## Given material:
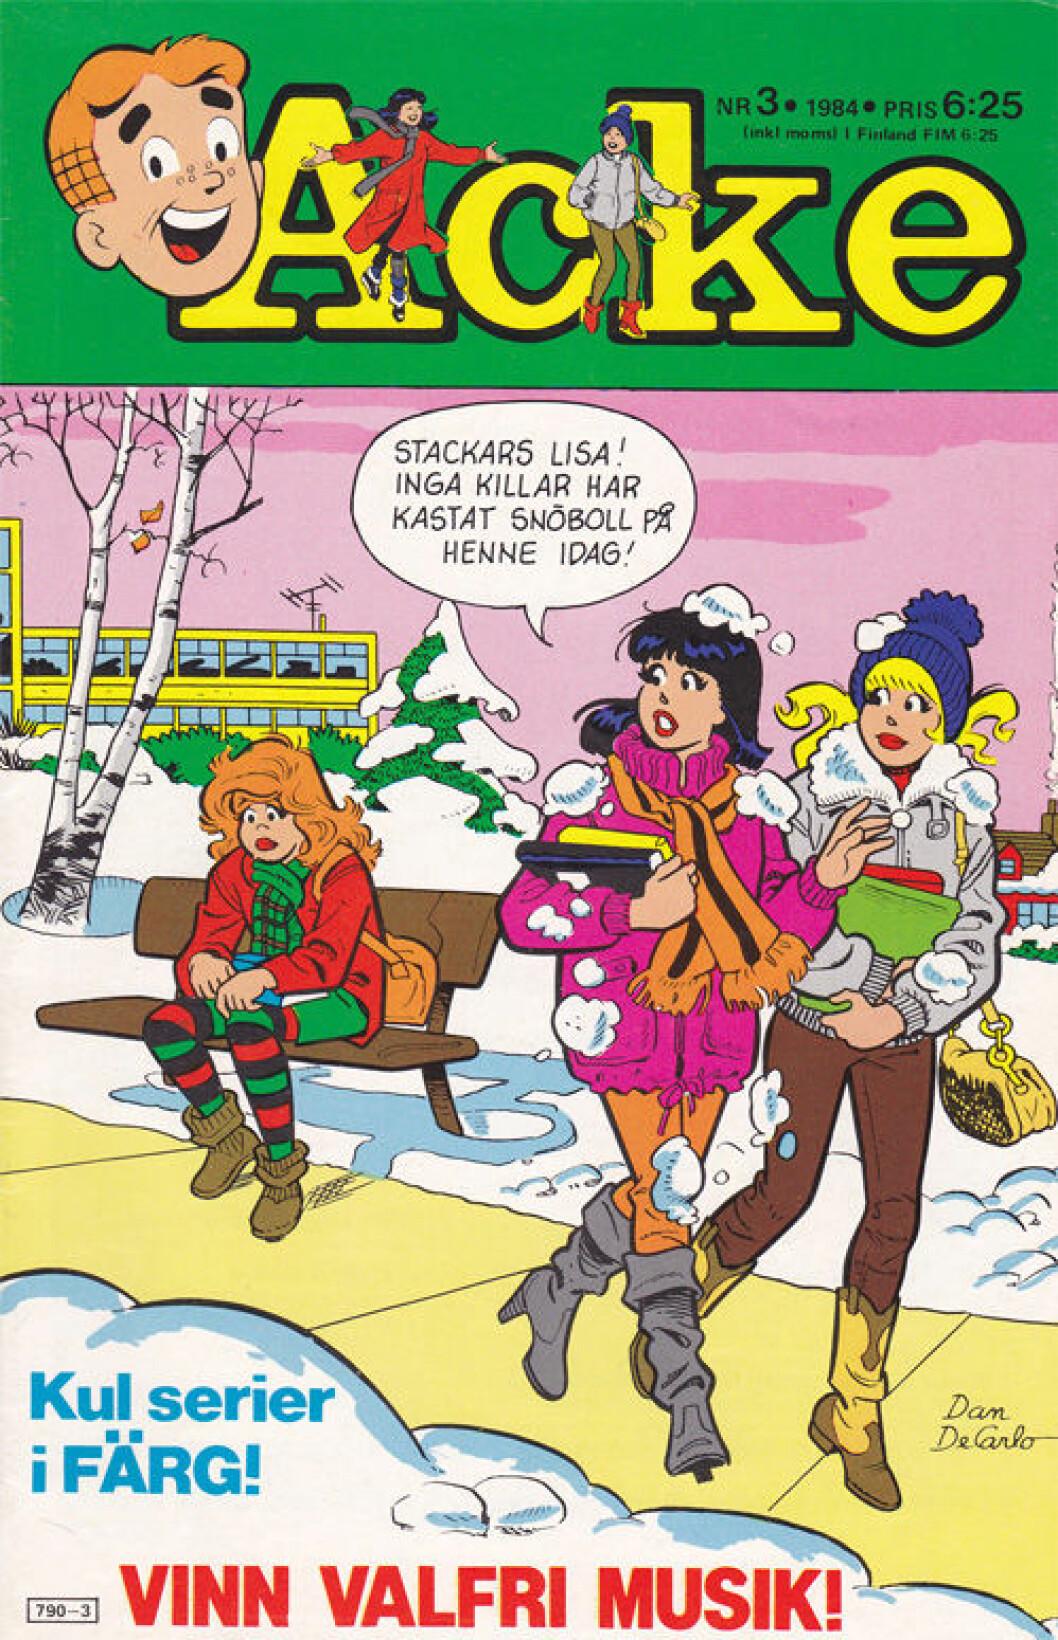 Minns ni serietidningen Acke? Riverdale är baserad på just den tidningen.
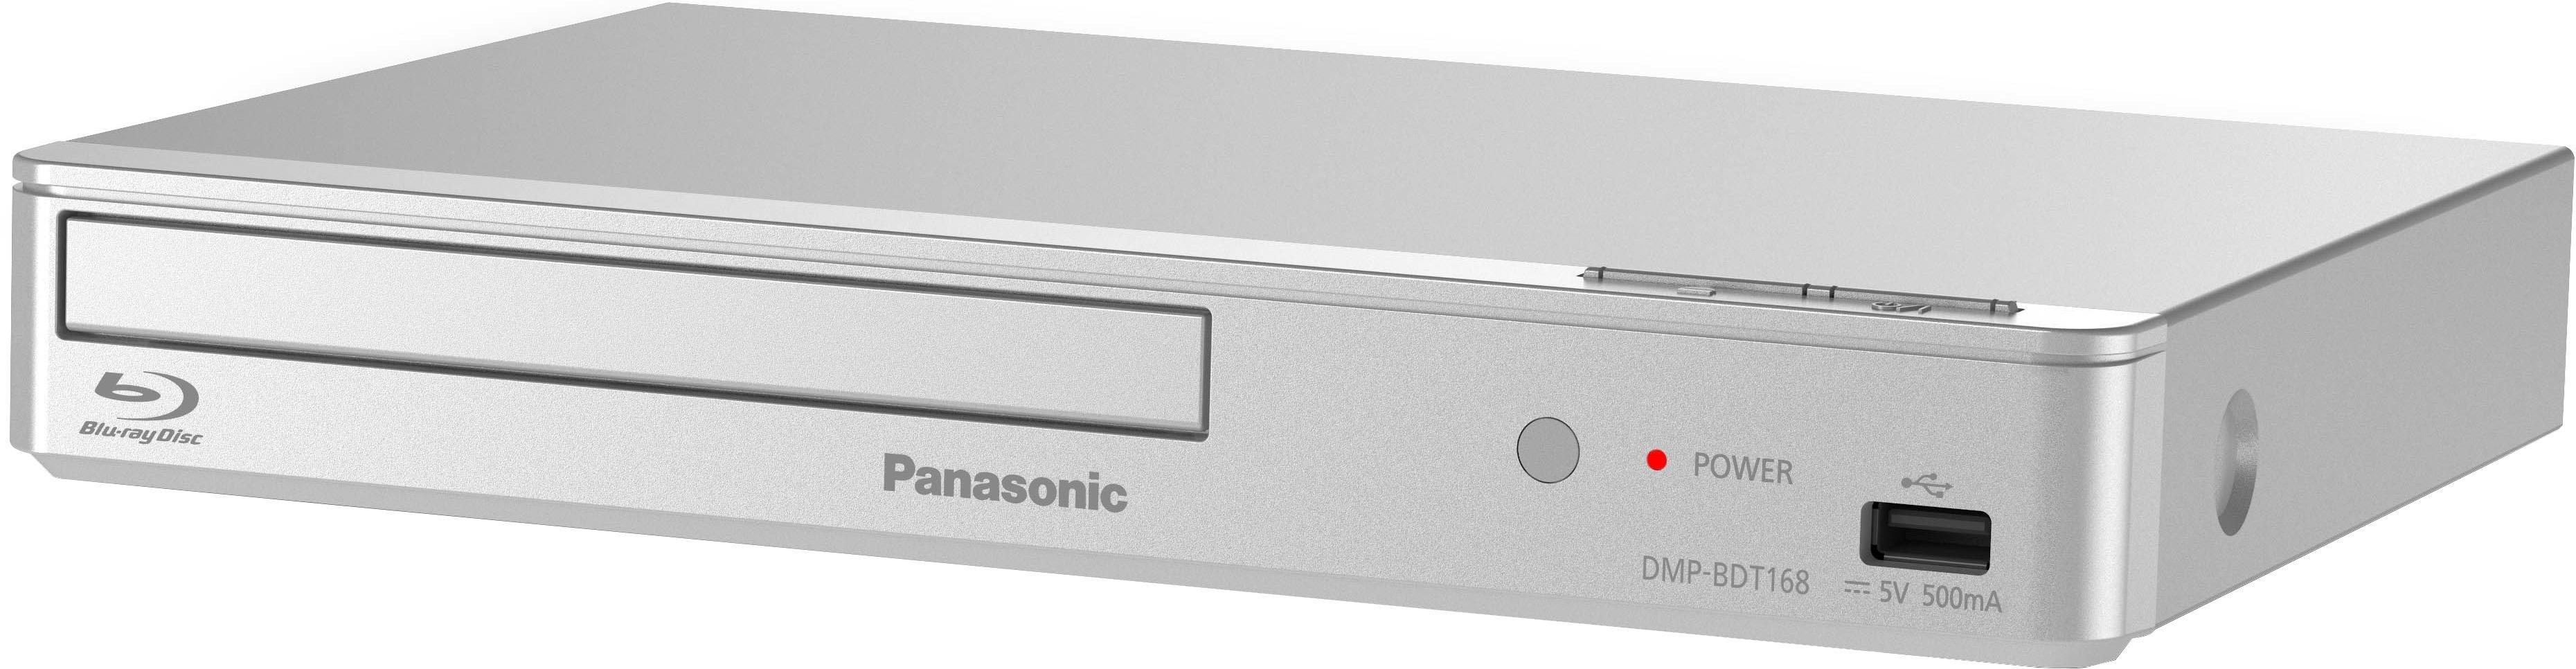 Panasonic »DMP-BDT168« blu-rayspeler (Full HD, LAN (ethernet)) voordelig en veilig online kopen
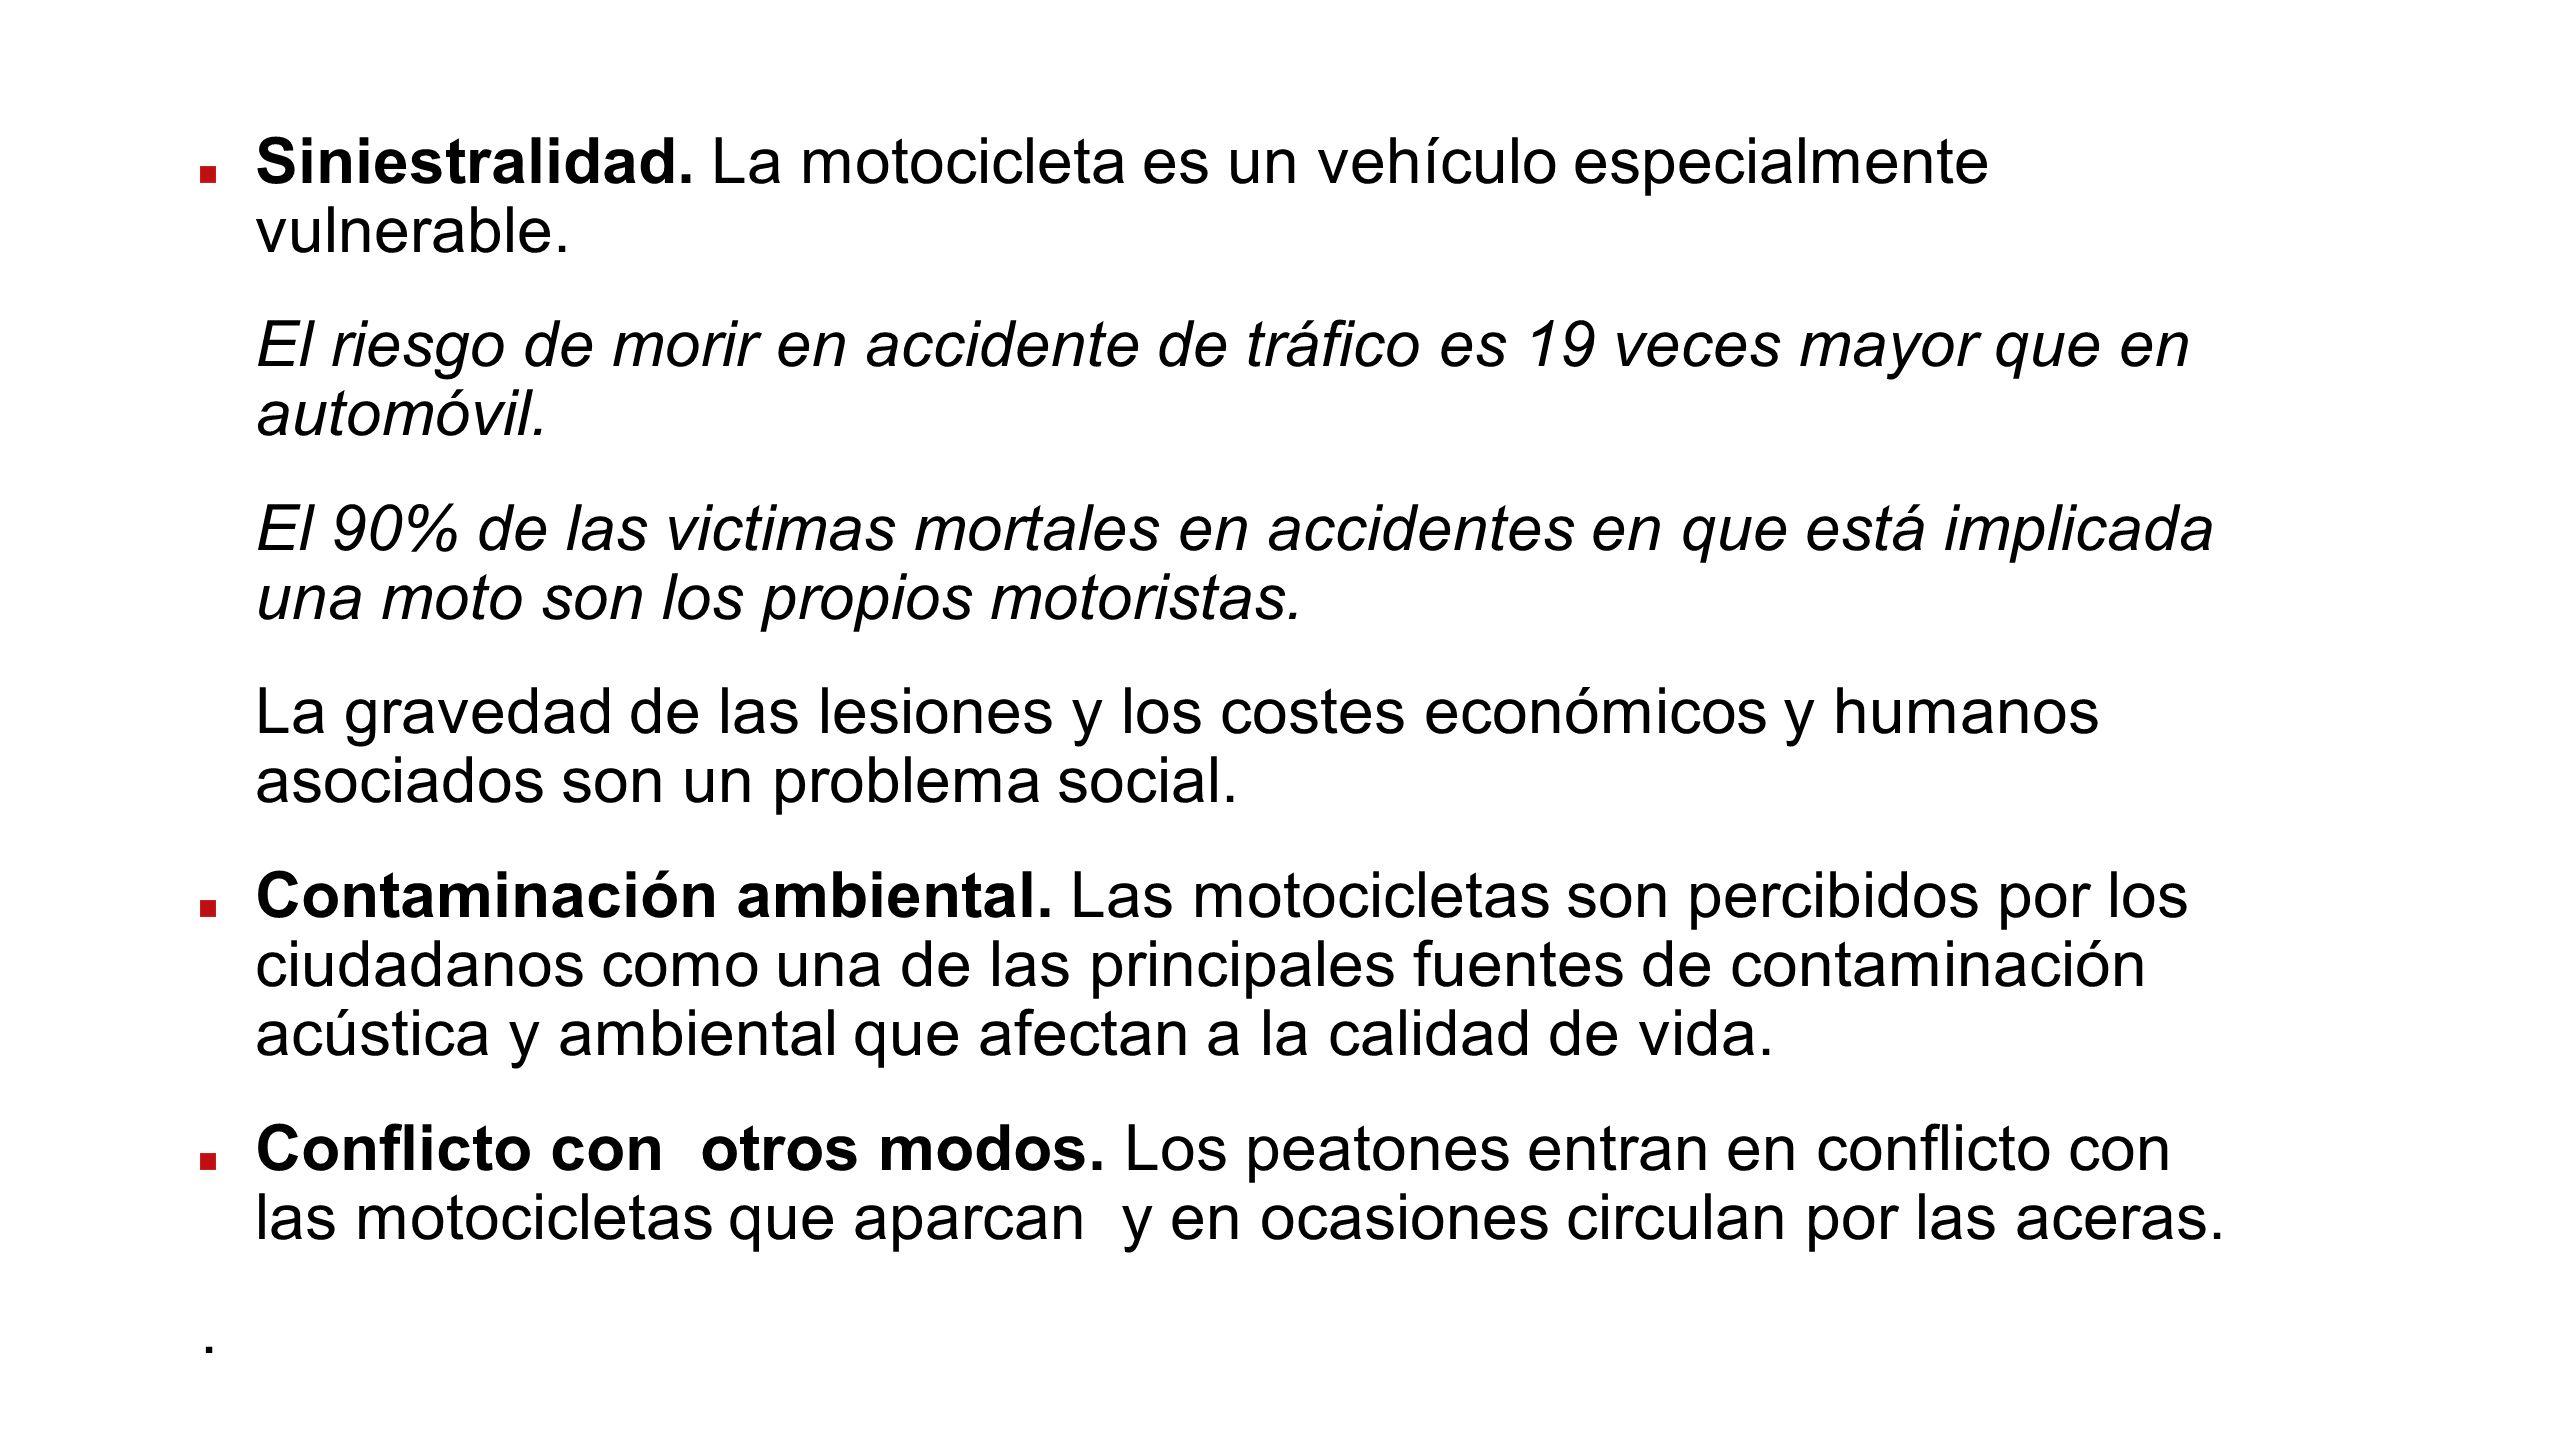 Siniestralidad. La motocicleta es un vehículo especialmente vulnerable.
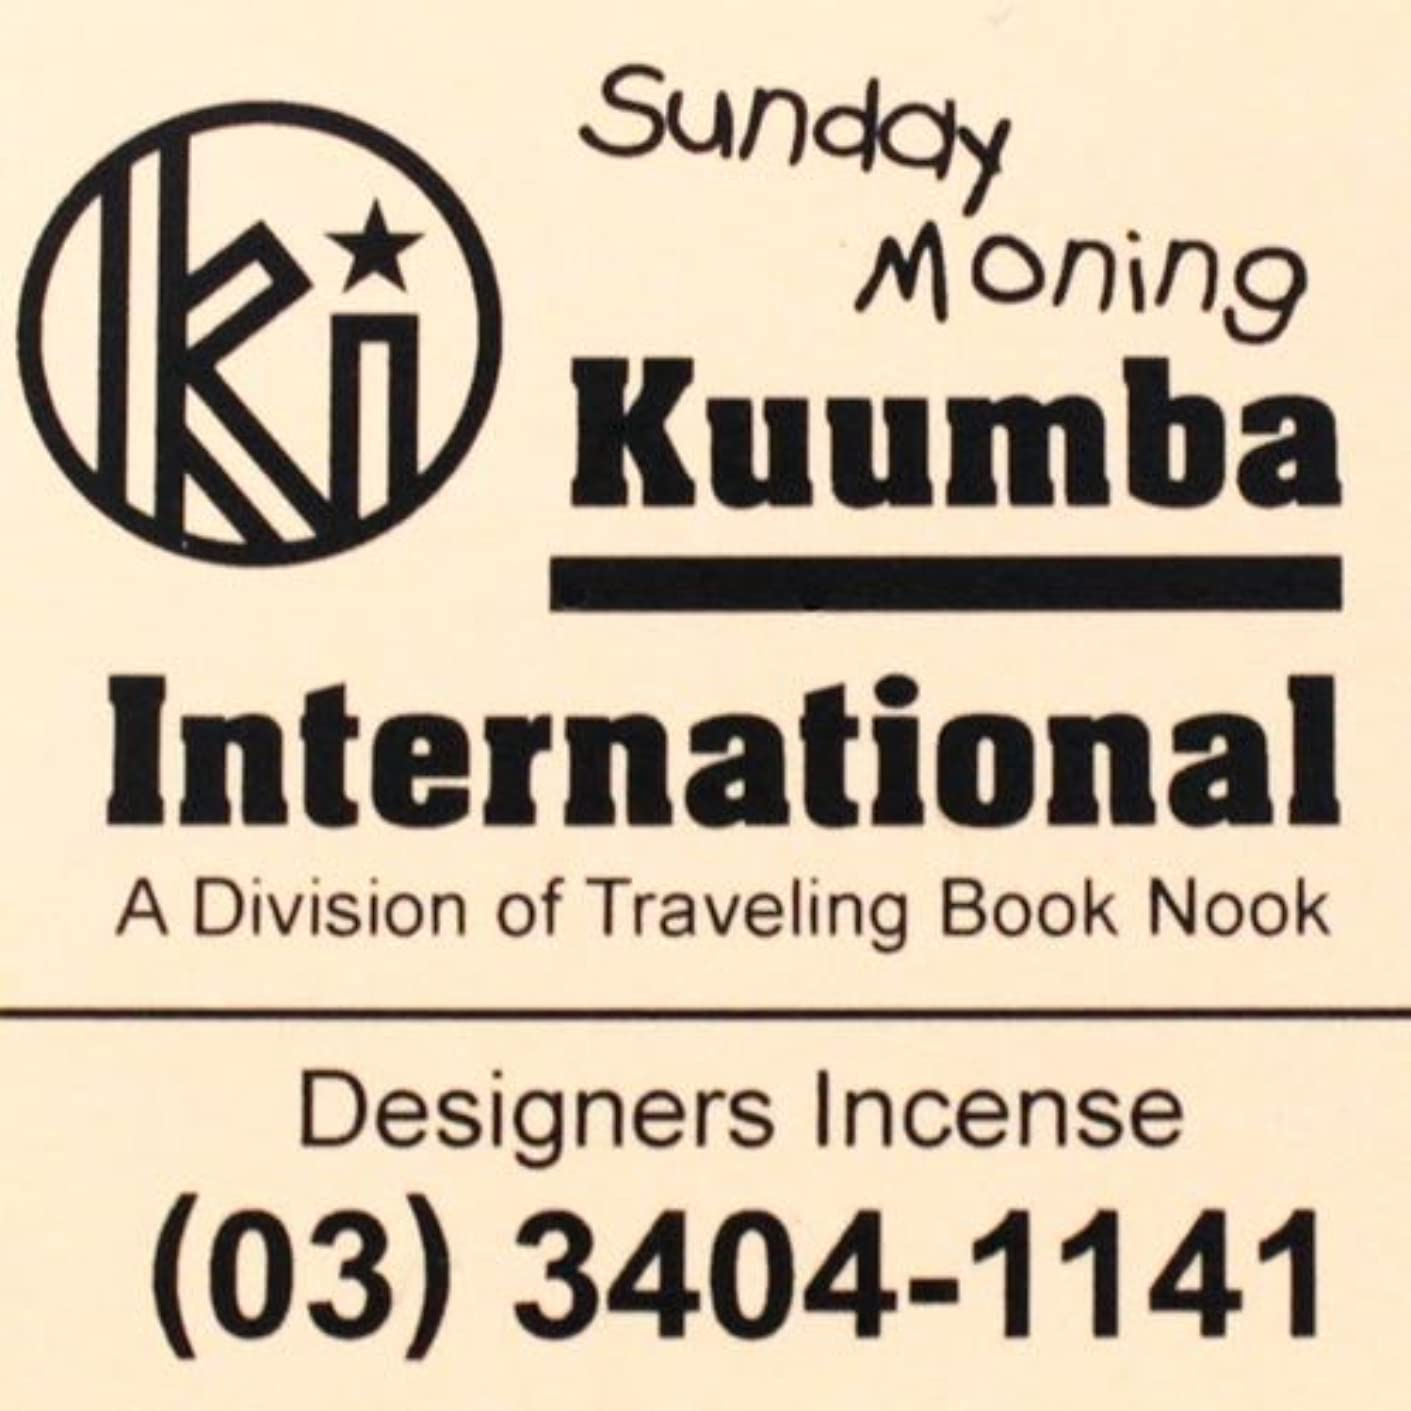 繊細危険にさらされている分注する(クンバ) KUUMBA『incense』(Sunday Morning) (Regular size)

## Work required:
Could you write out exactly the lines from the line containing "veilig online kopen" to the end of the material, and nothing else? No pictures belong in the copy.

## Exercise output:
 Panasonic »DMP-BDT168« blu-rayspeler (Full HD, LAN (ethernet)) voordelig en veilig online kopen
 Siniestralidad. La motocicleta es un vehículo especialmente vulnerable.
 繊細危険にさらされている分注する(クンバ) KUUMBA『incense』(Sunday Morning) (Regular size)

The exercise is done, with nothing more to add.